Today, when the data volume increases daily, the server is often faced with insufficient partition space for normal use. If you still use the traditional partitioning method, add a new hard disk, then, split and format the original data, copy the original data, and then unmount the original partition and re-mount the new partition. Ah! Busy! If it is the second split, it will give too much capacity! A lot of disk capacity is wasted! What should you do when you want to narrow down the partition? The emergence of LVM is precisely to solve these problems...

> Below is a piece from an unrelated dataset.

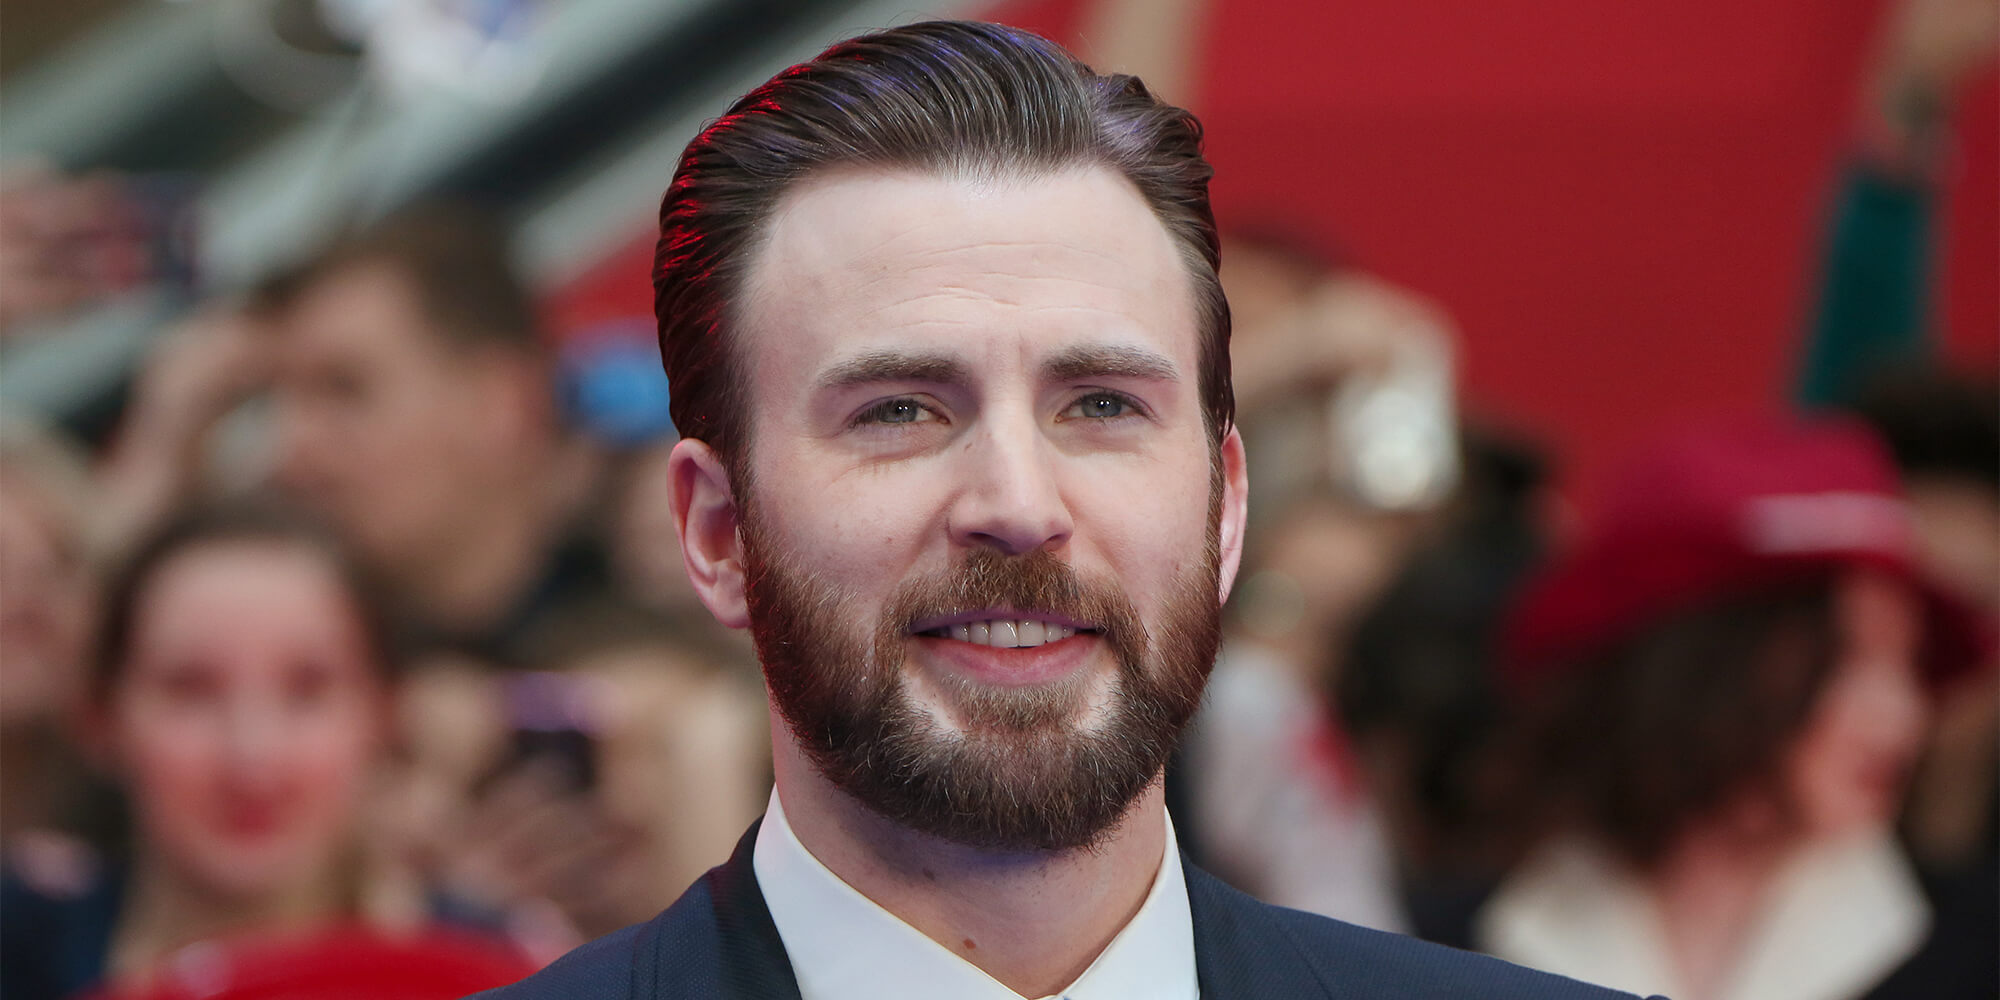 20 Best Chris Evans Hairstyles with Images  AtoZ Hairstyles
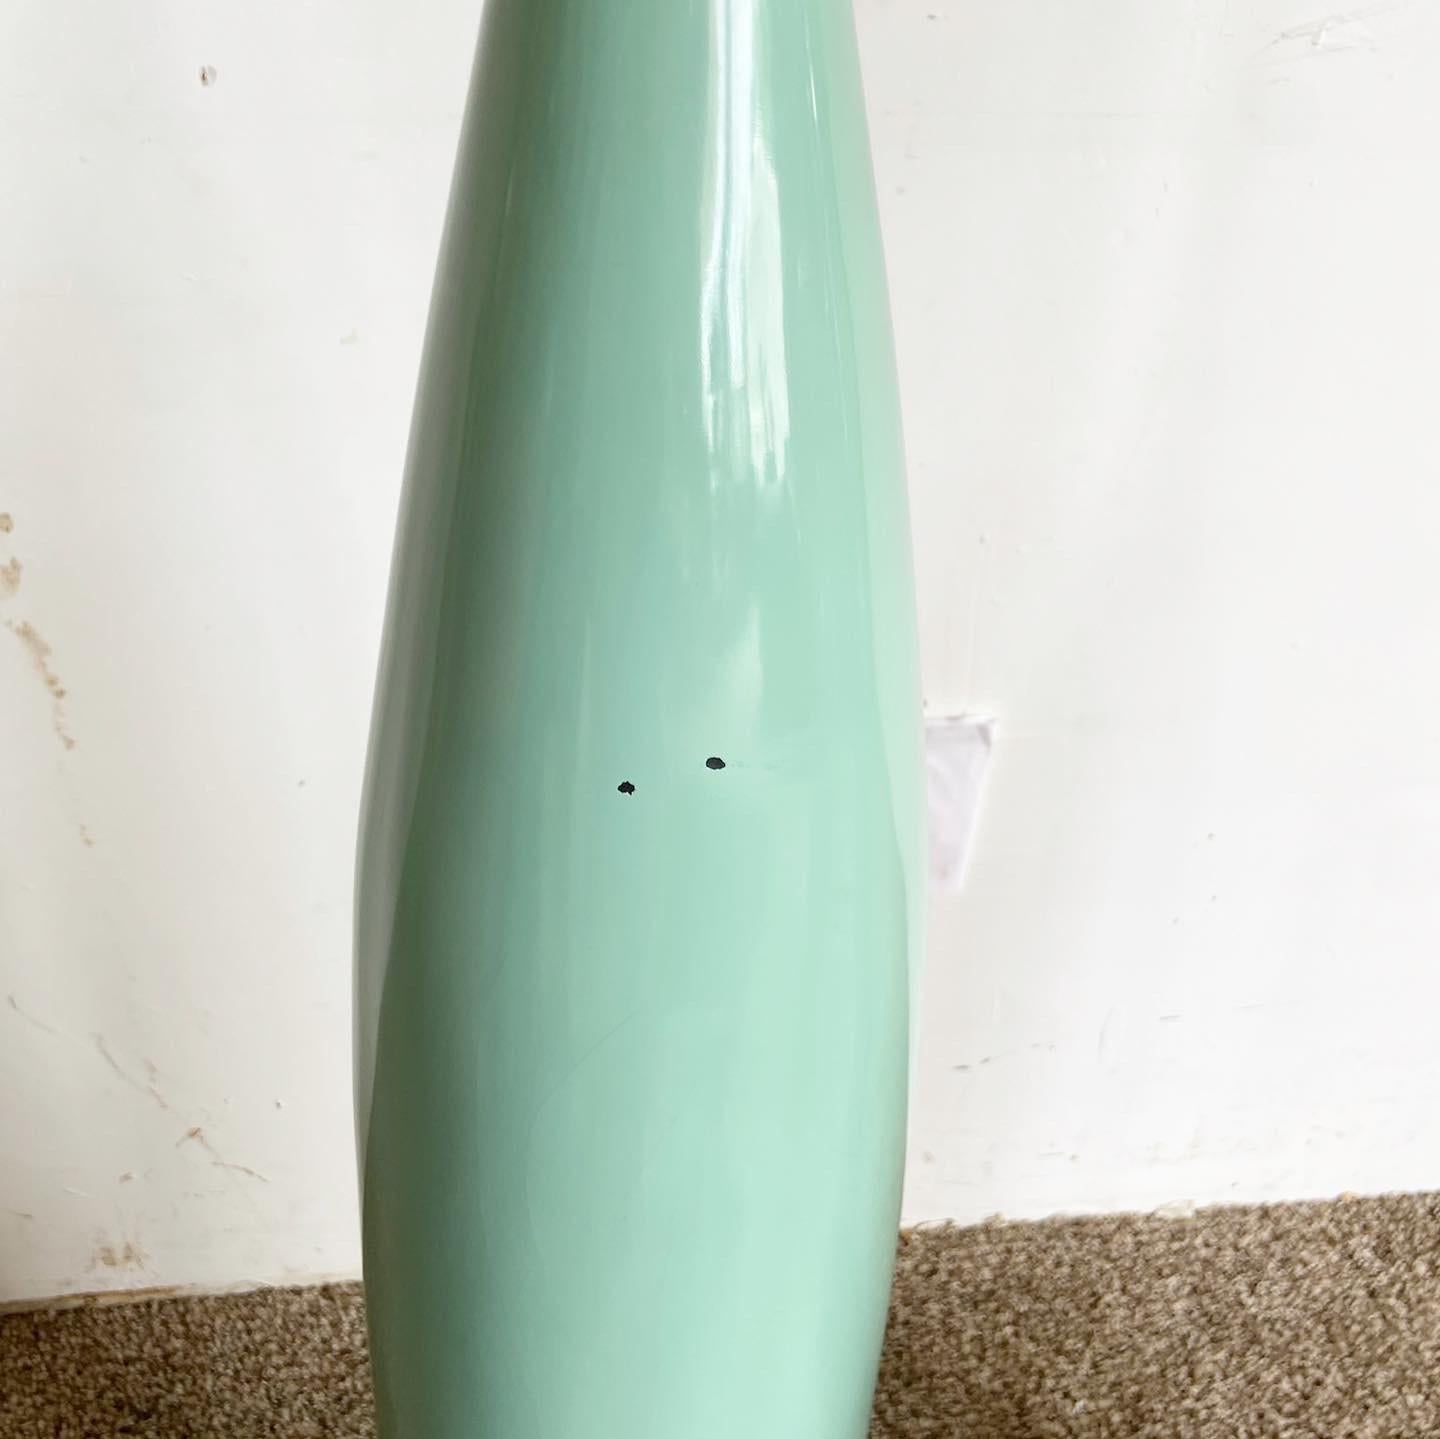 Postmodern Vases by Oggetti in Pink, Purple, and Teal - 6 Pieces For Sale 1

LVM (full name: logical volume manager Chinese name: logical volume manager), also translated into logical File Manager, logical Sector Manager, Logical Disk Manager, it is the core logical volume management function of Linux. It creates a logic layer on top of the hard disk partition to facilitate system management of the hard disk partition system. First developed by IBM and implemented on the AIX system, the OS/2 Operating System and HP-UX also support this feature. In 1998, Heinz mauelshagen made the first Linux version of logical volume manager according to the logical volume manager on the HP-UX.

LVM allows you to adjust the size of the file system without stopping services. This allows the file system to span disks and partitions, its appearance can be said to solve many problems of disk management. Let's take a look at it so well. Let's take a look at it and learn a few terms before introducing how to use it.

Terms

1. PM: physical media)

This refers to the storage device of the system: hard disk, which is the storage unit at the lowest layer of the storage system.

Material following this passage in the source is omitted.